Sara Lee Credit Swaps Jump on Revived Speculation of Buyout
Credit-default swaps on Sara Lee Corp. climbed to a record following a report that buyout firm Apollo Global Management LLC teamed up with investor C. Dean Metropoulos to consider a bid for the company.
Contracts protecting Sara Lee’s debt jumped 41.9 basis points to 200.7 basis points, according to data provider CMA, above the previous high of 186.4 on Jan. 5.
“There’s been a lot of talk and concern in the market about shareholder-friendly activity picking up, and this would fit the bill,” said David Brown, who helps oversee $82 billion of fixed-income assets at Neuberger Berman Management LLC in Chicago. “Other names that fit the profile of potential equity- friendly transactions are also anywhere from 3 to 7 basis points wider today.”
JBS SA, the Brazilian meat processor, may make a new offer for Downers Grove, Illinois-based Sara Lee, maker of Ball Park hotdogs and Jimmy Dean breakfast foods, according to two people with knowledge of the matter. A JBS bid last month was rejected as too low, the people said.
JBS executives are traveling to the U.S. this week to help prevent their takeover efforts from collapsing, said the people, who declined to be identified because the matter is private.
The Wall Street Journal reported on Apollo’s interest in Sara Lee yesterday, citing unidentified people familiar with the matter. The group also includes Bain Capital and TPG Capital, the Journal reported.
‘Rumor Fatigue’
Contracts on Computer Sciences Corp., which jumped last September after a Jefferies & Co. analyst said it would be an attractive target, increased to the highest in two months, adding 7.3 basis points to 150, CMA data show. Swaps on the debt of ConAgra Foods Inc., the Omaha, Nebraska-based maker of Banquet and Healthy Choice dinners, climbed 4.7 basis points to 119.1, according to CMA.
“Because there have been so many rumored transactions which haven’t come to fruition, the widening in sympathy to rumors appears to be less significant than it was in the past,” Brown said. “Call it rumor fatigue.”
Credit-default swap contracts rise if a company is deemed a buyout risk because the debt added to its balance sheet to fund the takeover erodes credit quality.
The cost of protecting U.S. corporate bonds from default climbed to the highest level in a month today as European governments prepared to borrow at least $43 billion this week.
European Concern
Portugal, Spain and Italy are scheduled to hold their first bond auctions this year after borrowing costs increased at bill sales last week. Germany may be softening its opposition to expanding the 750 billion-euro ($971 billion) rescue facility for the region’s most-indebted countries, after Chancellor Angela Merkel’s chief spokesman, Steffen Seibert, declined to repeat the nation’s objections to restocking the fund.

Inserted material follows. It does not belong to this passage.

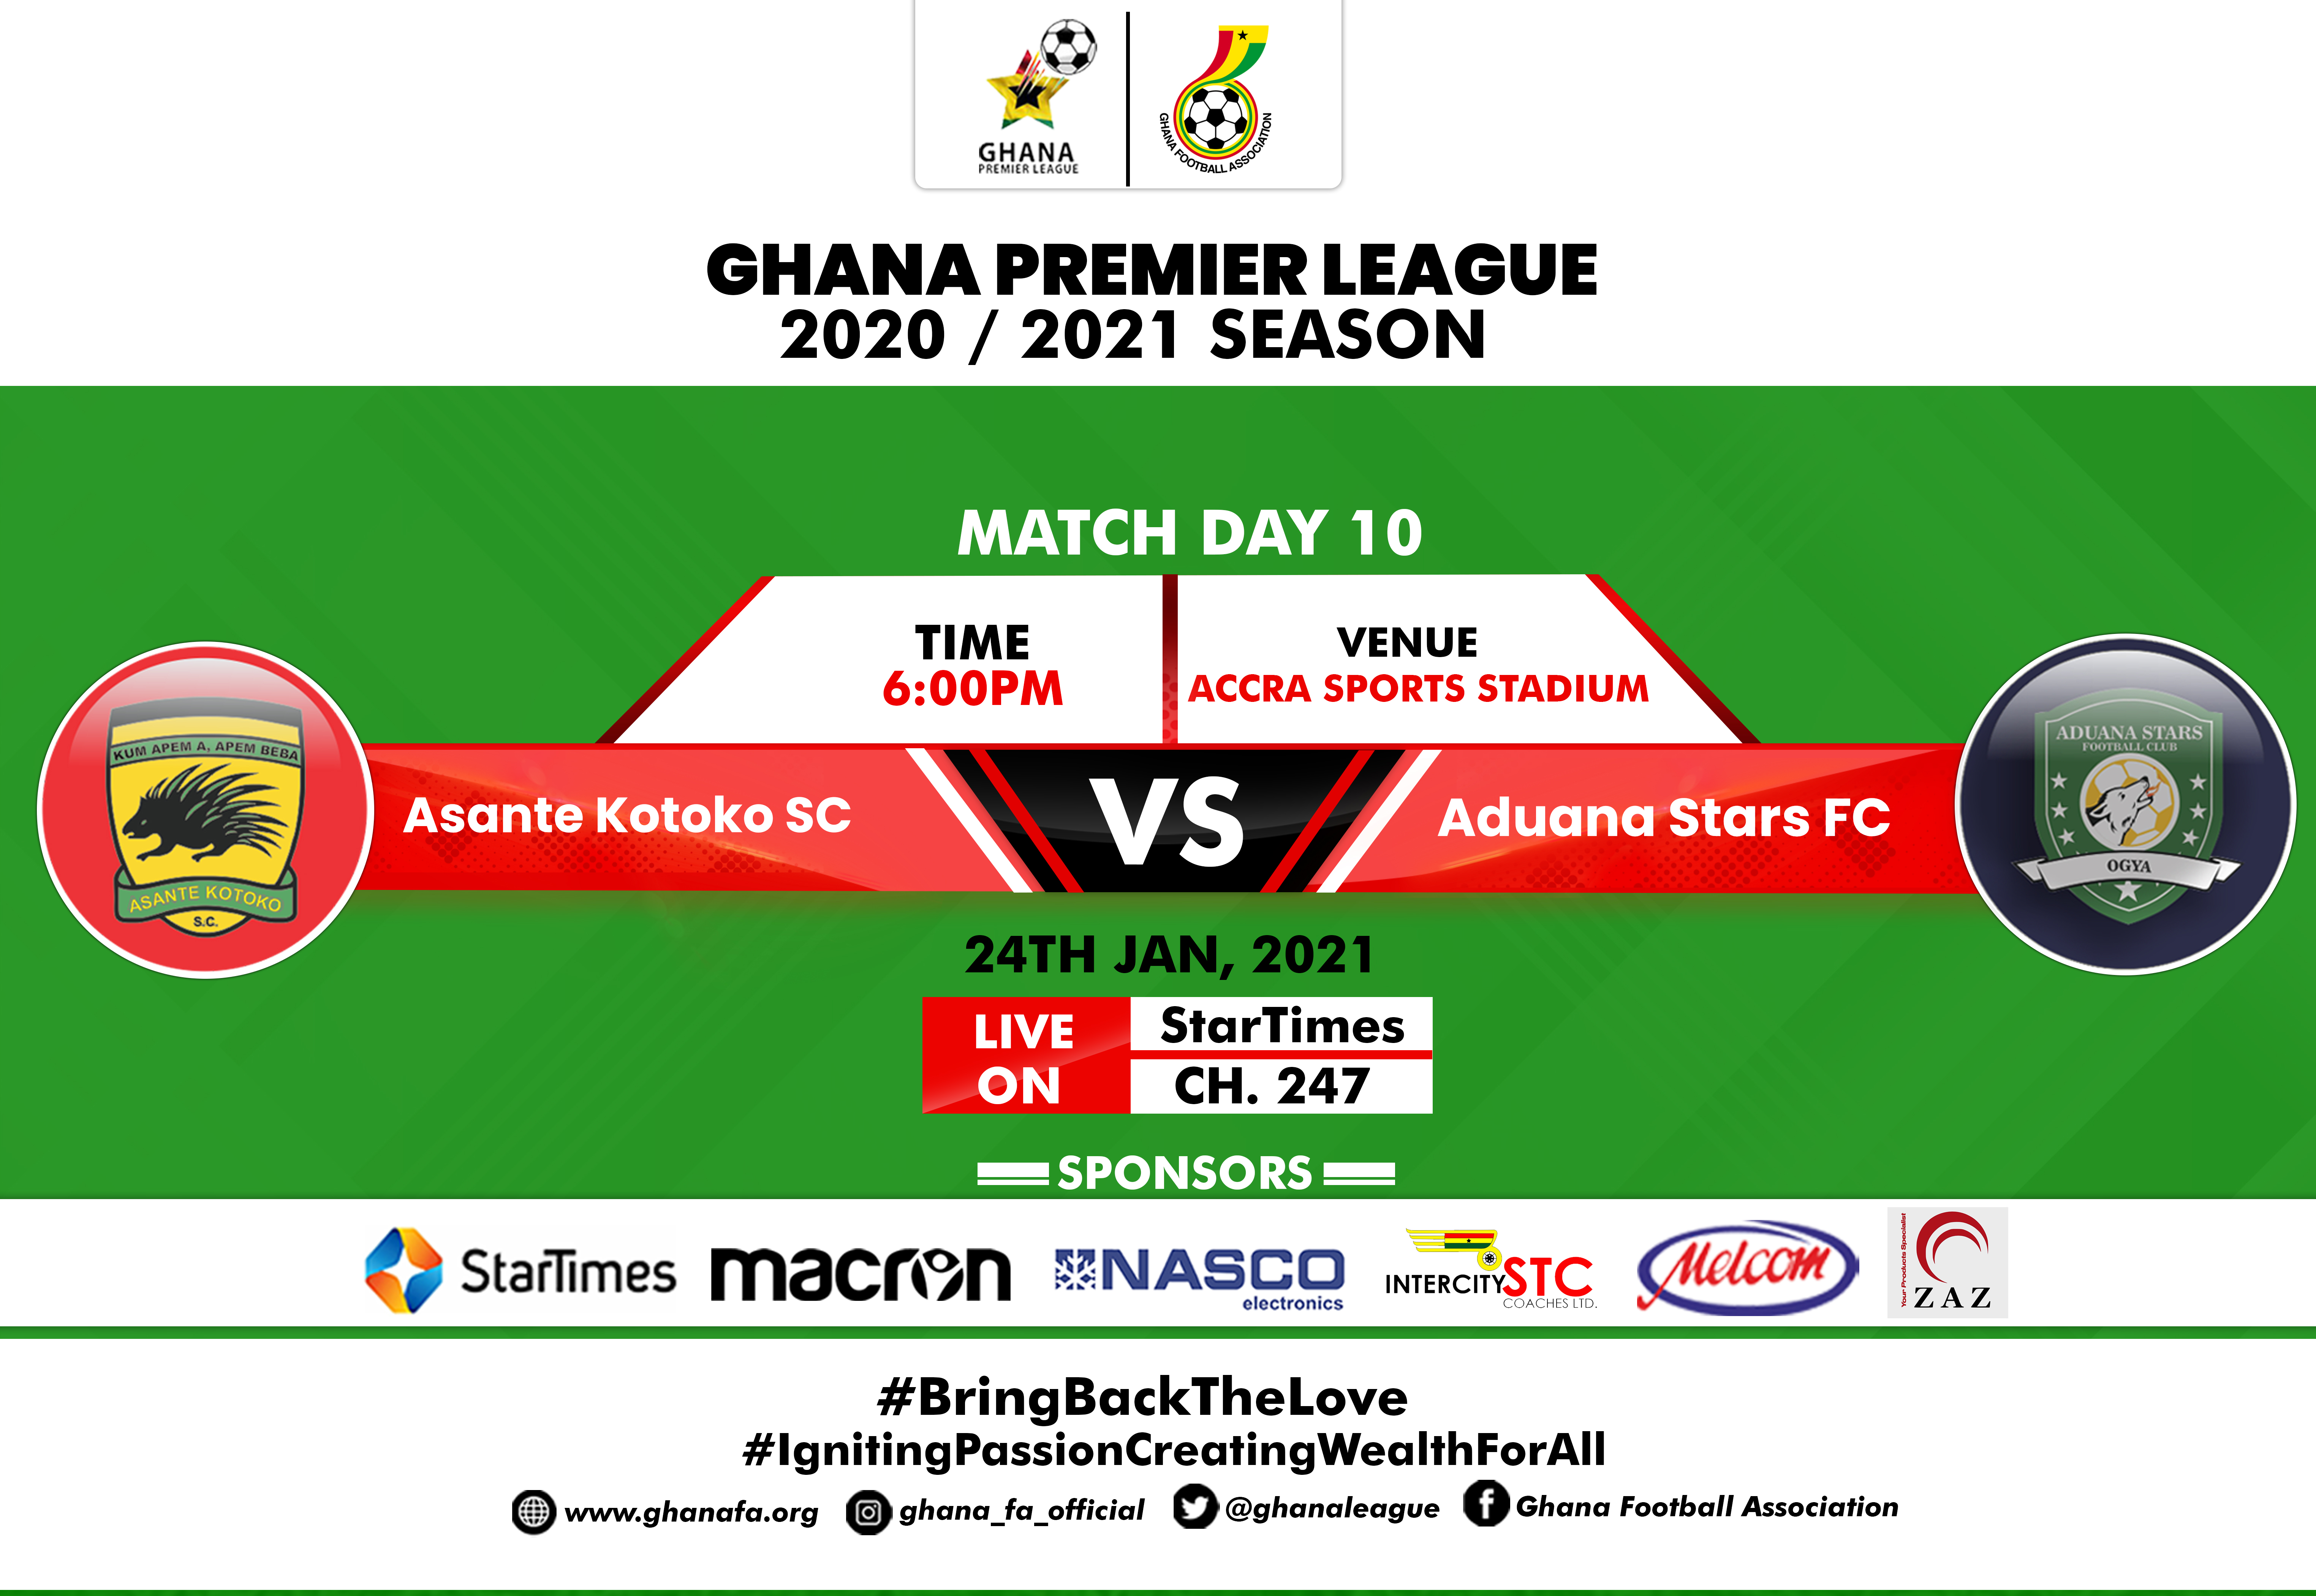 Battle for dominance and clash of personalities: Asante Kotoko vs Aduana Stars - Preview

The Markit CDX North America Investment Grade Index, which investors use to hedge against losses on corporate debt or to speculate on creditworthiness, increased 0.6 basis points to a mid-price of 89.1 as of 6:50 p.m. in New York, according to index administrator Markit Group Ltd.
The index, which typically rises as investor confidence deteriorates and falls as it improves, is at the highest level since reaching 90 basis points on Dec. 7.
Credit swaps pay the buyer face value if a borrower fails to meet its obligations, less the value of the defaulted debt. A basis point equals $1,000 annually on a contract protecting $10 million of debt.